* **Work order**
Your task is to reproduce the listing exactly, without its images.

* **Working data**
════════════════════
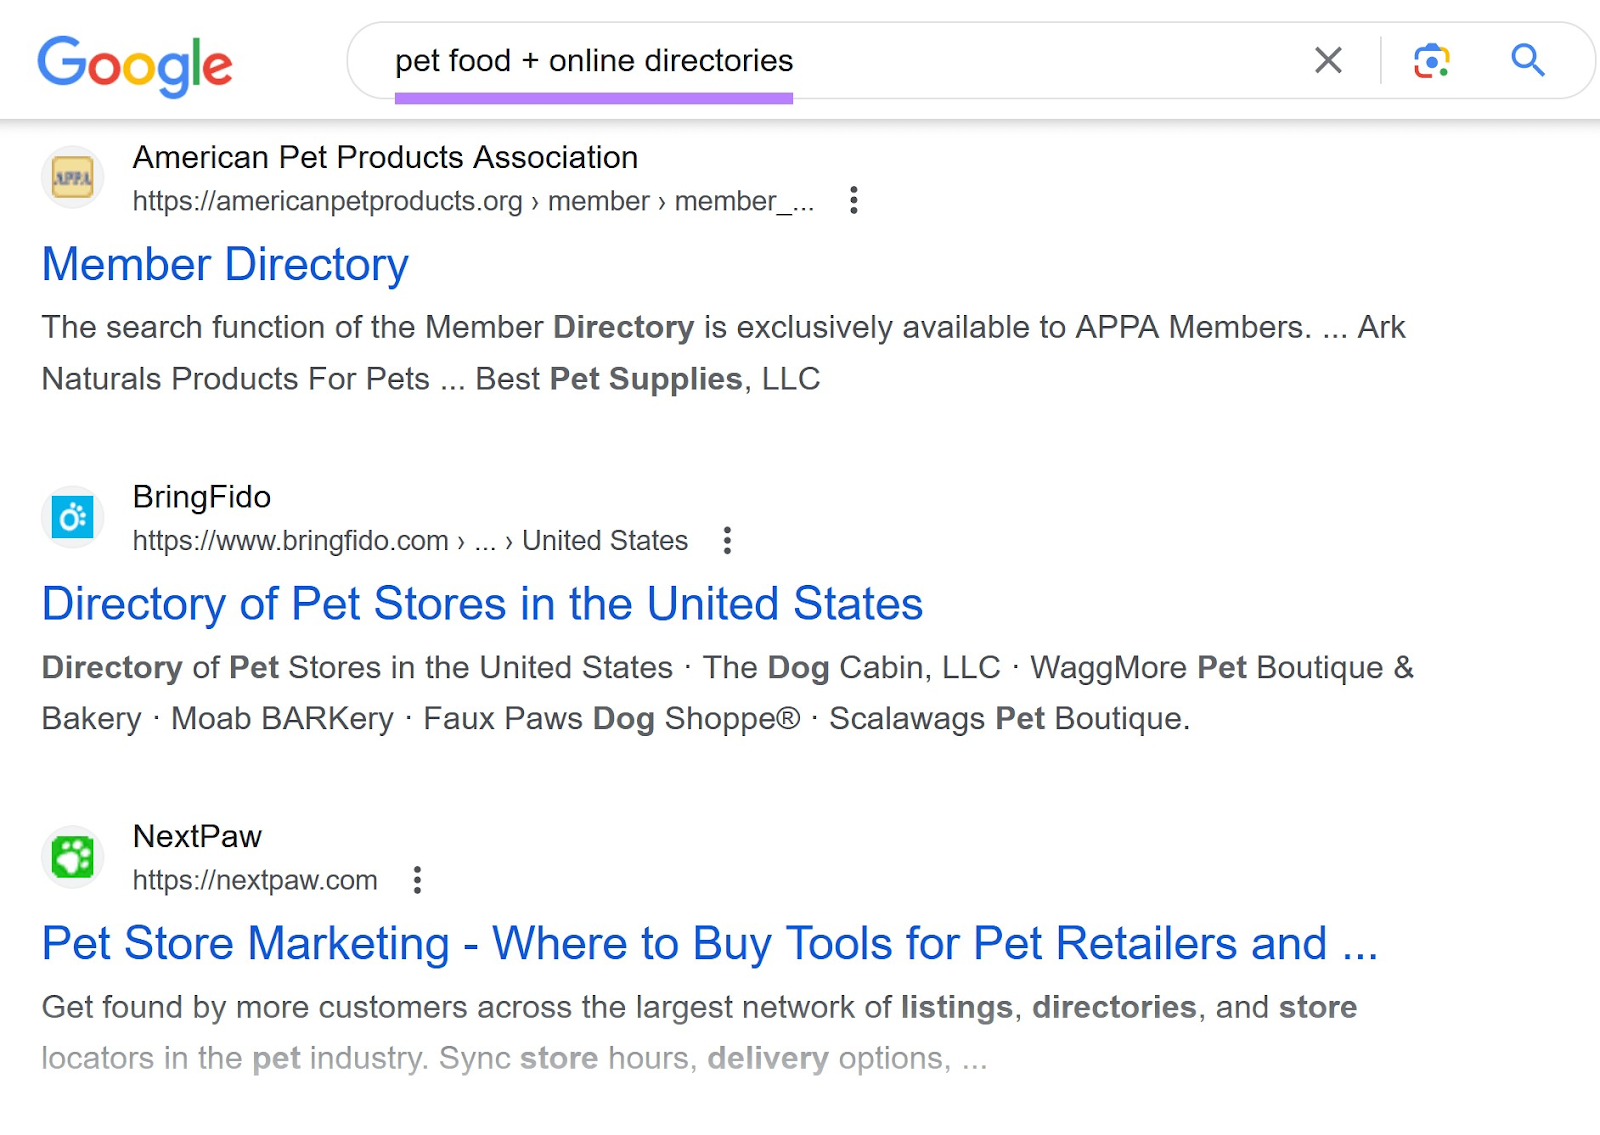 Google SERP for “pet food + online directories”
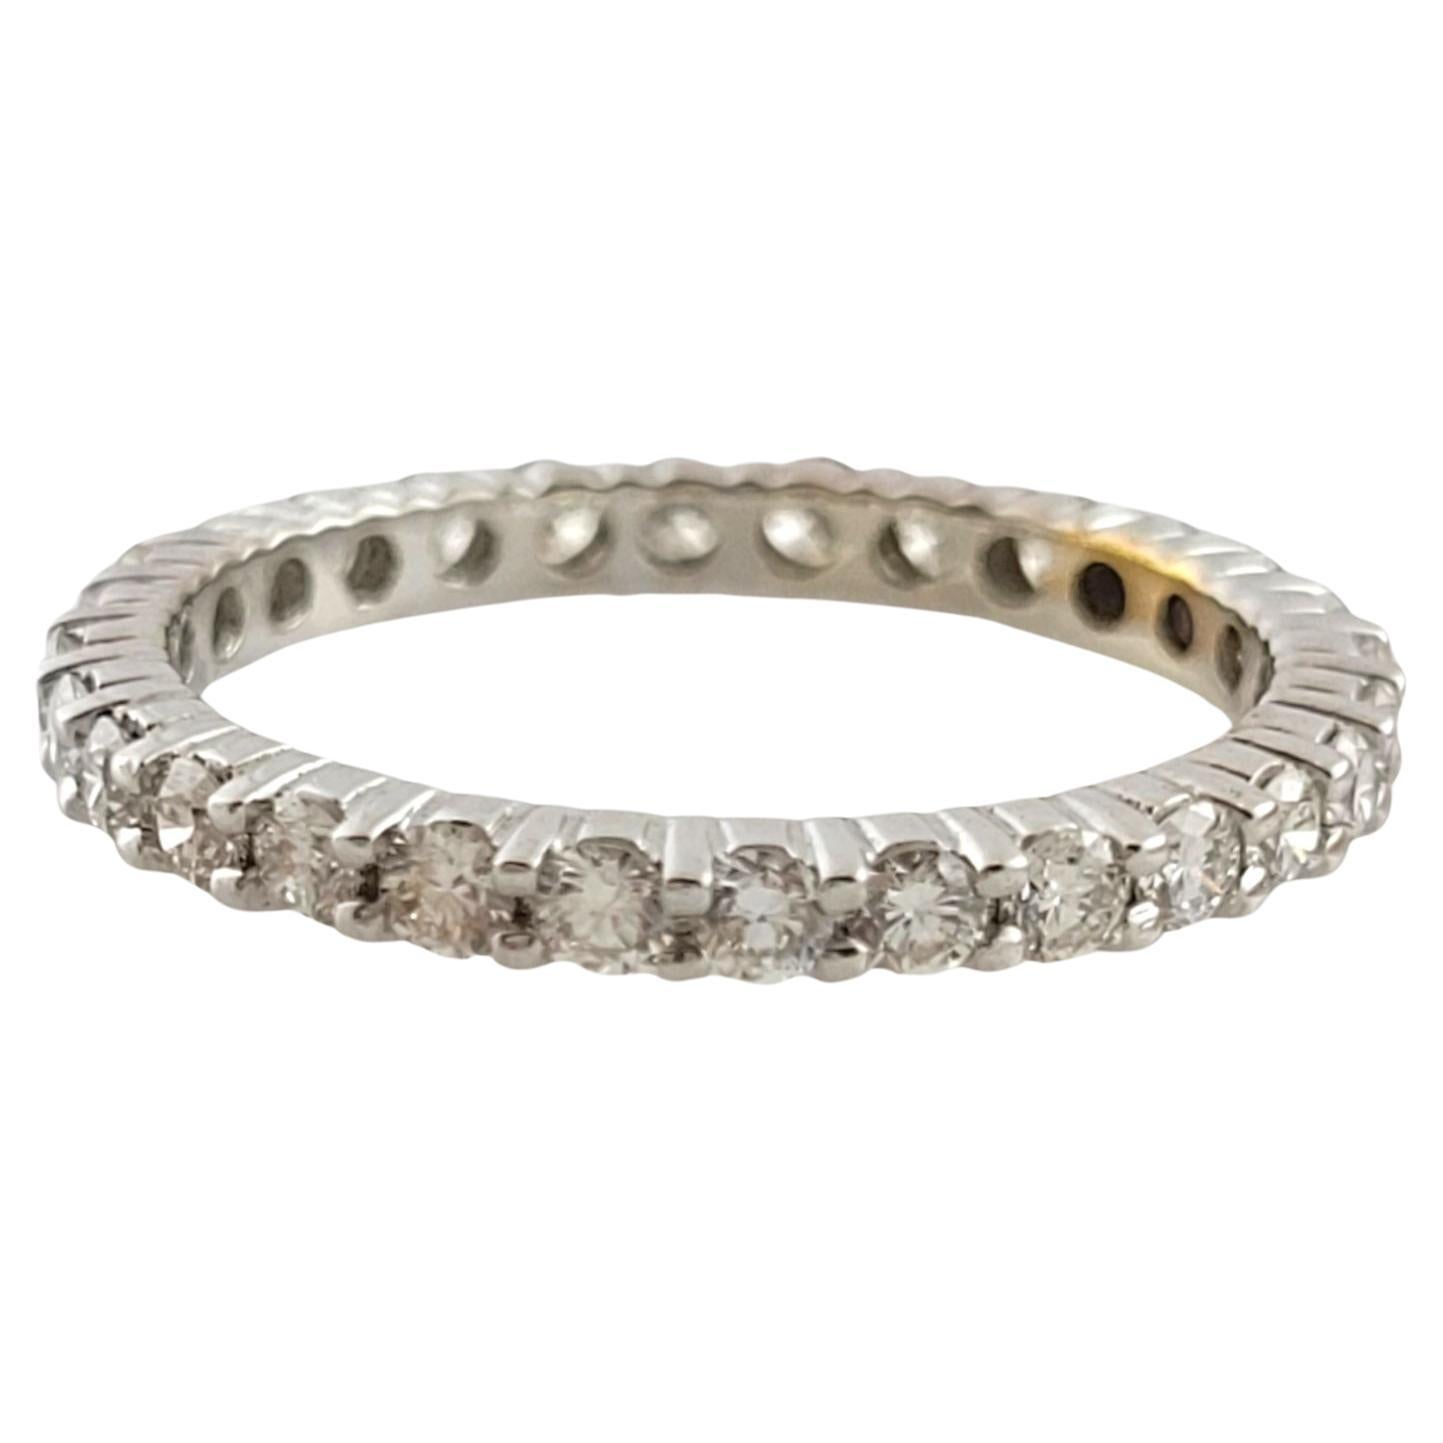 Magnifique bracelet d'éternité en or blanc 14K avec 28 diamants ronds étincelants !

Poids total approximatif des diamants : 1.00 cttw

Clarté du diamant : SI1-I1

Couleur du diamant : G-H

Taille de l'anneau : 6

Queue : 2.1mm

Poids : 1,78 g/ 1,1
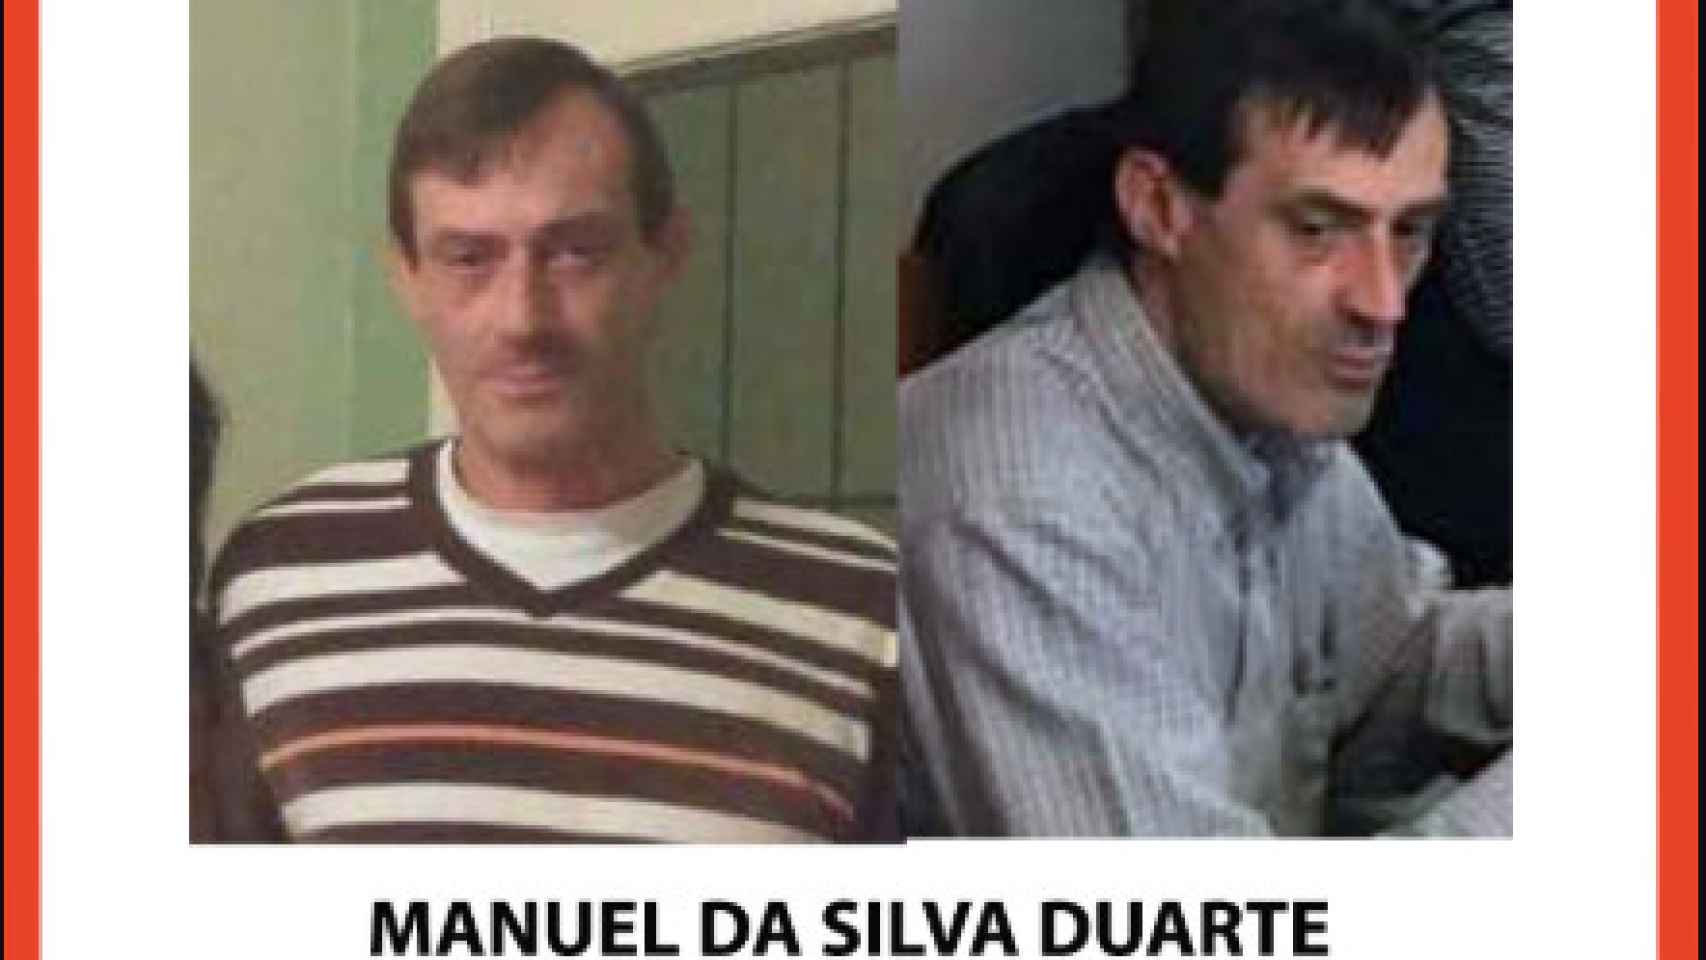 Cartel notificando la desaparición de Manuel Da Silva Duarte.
════════════════════
* **Exercise solution**
 Google SERP for “pet food + online directories”
 Magnifique bracelet d'éternité en or blanc 14K avec 28 diamants ronds étincelants !

Poids total approximatif des diamants : 1.00 cttw

Clarté du diamant : SI1-I1

Couleur du diamant : G-H

Taille de l'anneau : 6

Queue : 2.1mm

Poids : 1,78 g/ 1,1
 Cartel notificando la desaparición de Manuel Da Silva Duarte.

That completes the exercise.